*ABOUT THIS EXERCISE*
The output is a word-for-word repeat of the listing below, free of images.

**** EXERCISE DATA

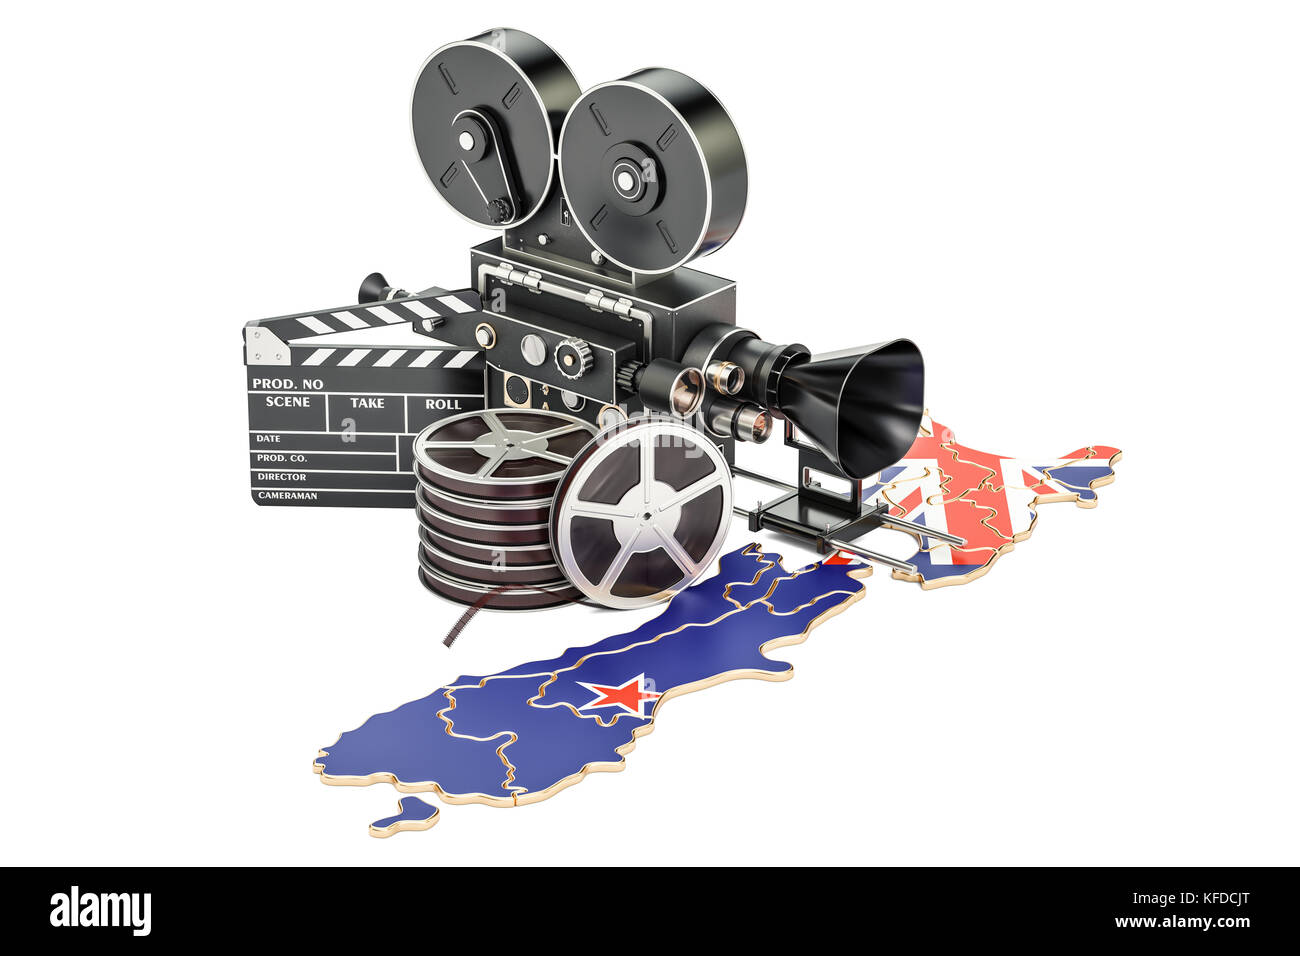 Neuseeland Kinematographie, Filmindustrie Konzept. 3D-Rendering auf weißem Hintergrund Stockfoto
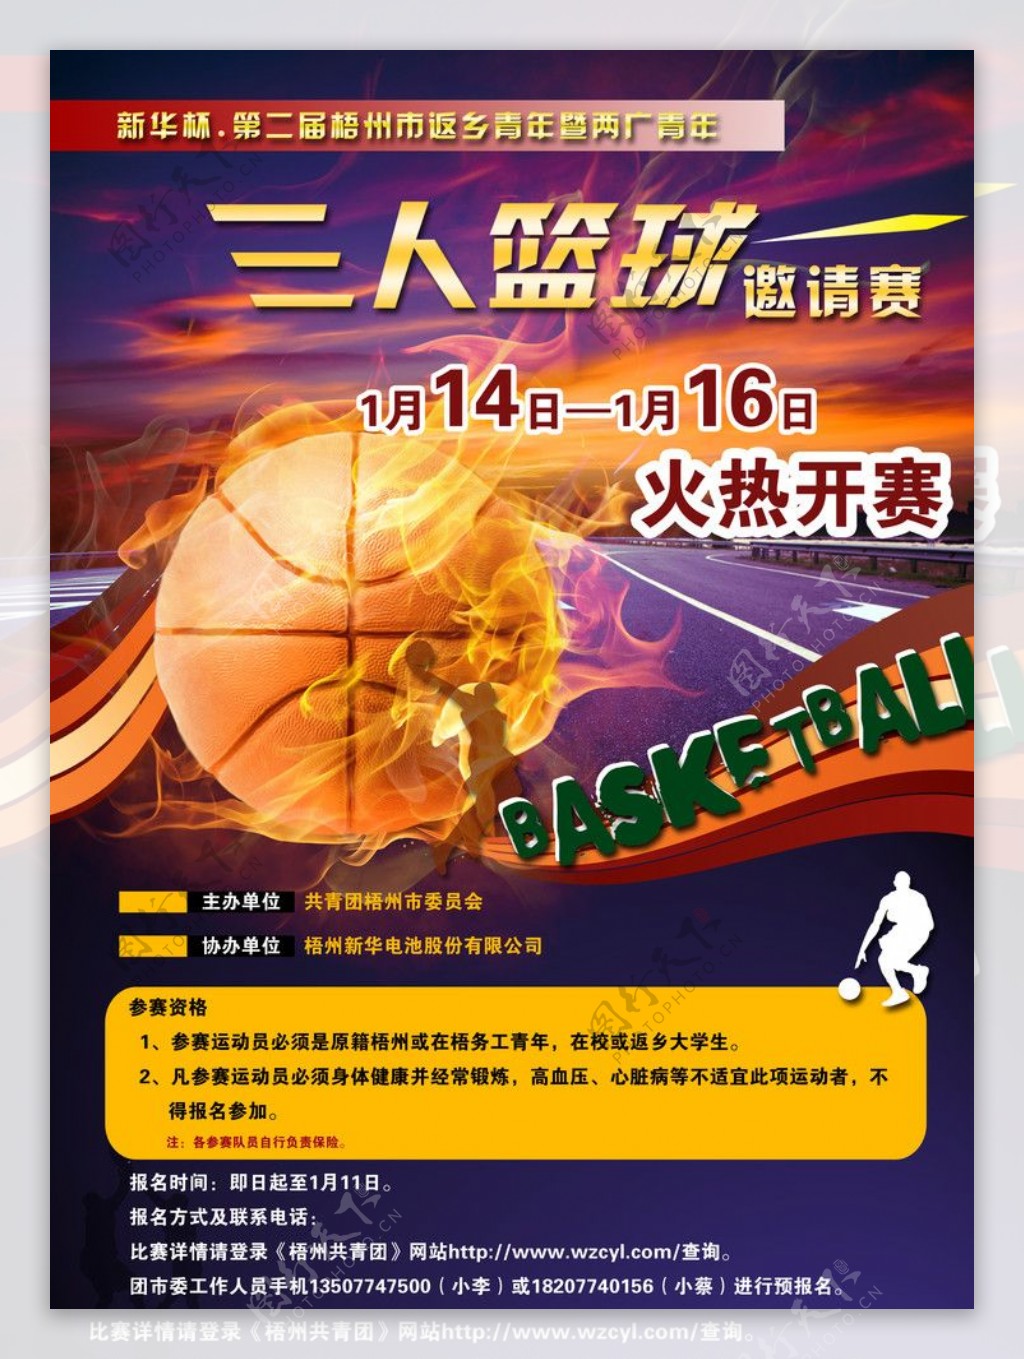 三人篮球赛宣传海报图片
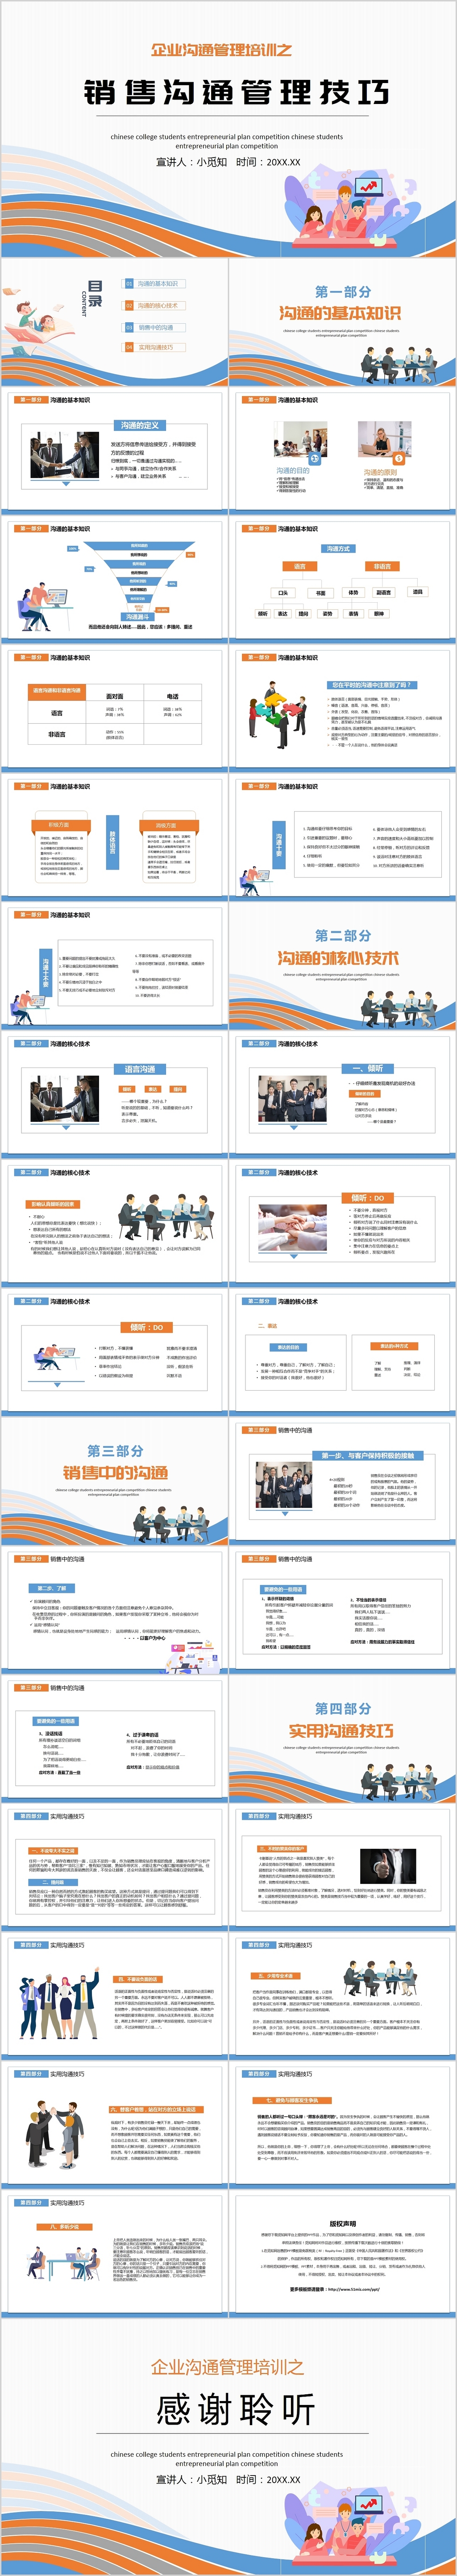 橙蓝简约商务企业沟通培训之销售沟通技巧课件企业培训PPT模板
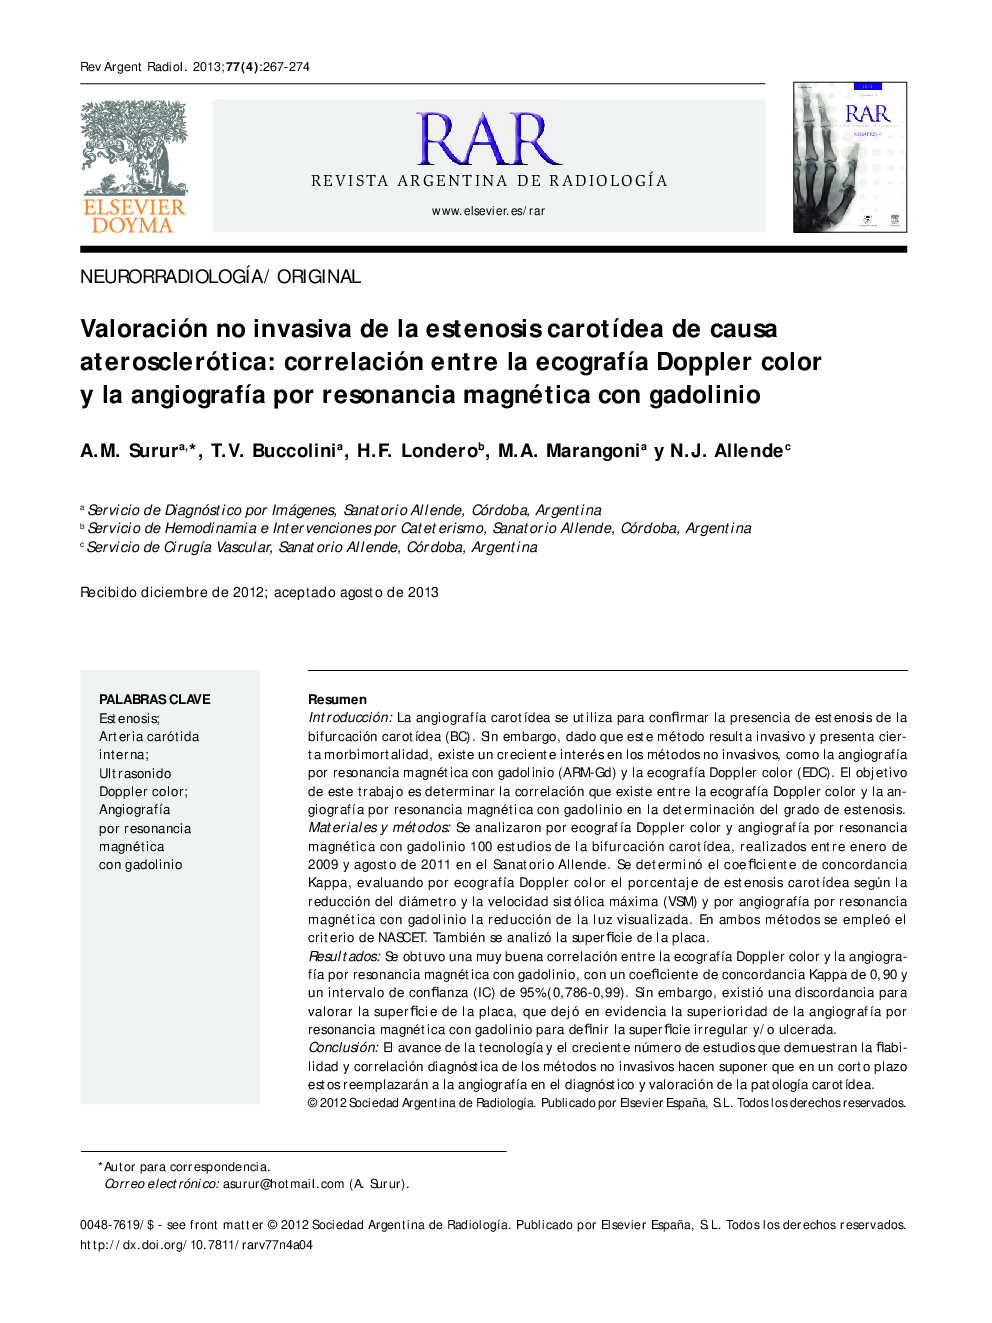 Valoración no invasiva de la estenosis carotídea de causa aterosclerótica: correlación entre la ecografía Doppler color y la angiografía por resonancia magnética con gadolinio

********

*SOLUTION*
 Neuseeland Kinematographie, Filmindustrie Konzept. 3D-Rendering auf weißem Hintergrund Stockfoto
 三人篮球赛宣传海报图片
 橙蓝简约商务企业沟通培训之销售沟通技巧课件企业培训PPT模板
 Valoración no invasiva de la estenosis carotídea de causa aterosclerótica: correlación entre la ecografía Doppler color y la angiografía por resonancia magnética con gadolinio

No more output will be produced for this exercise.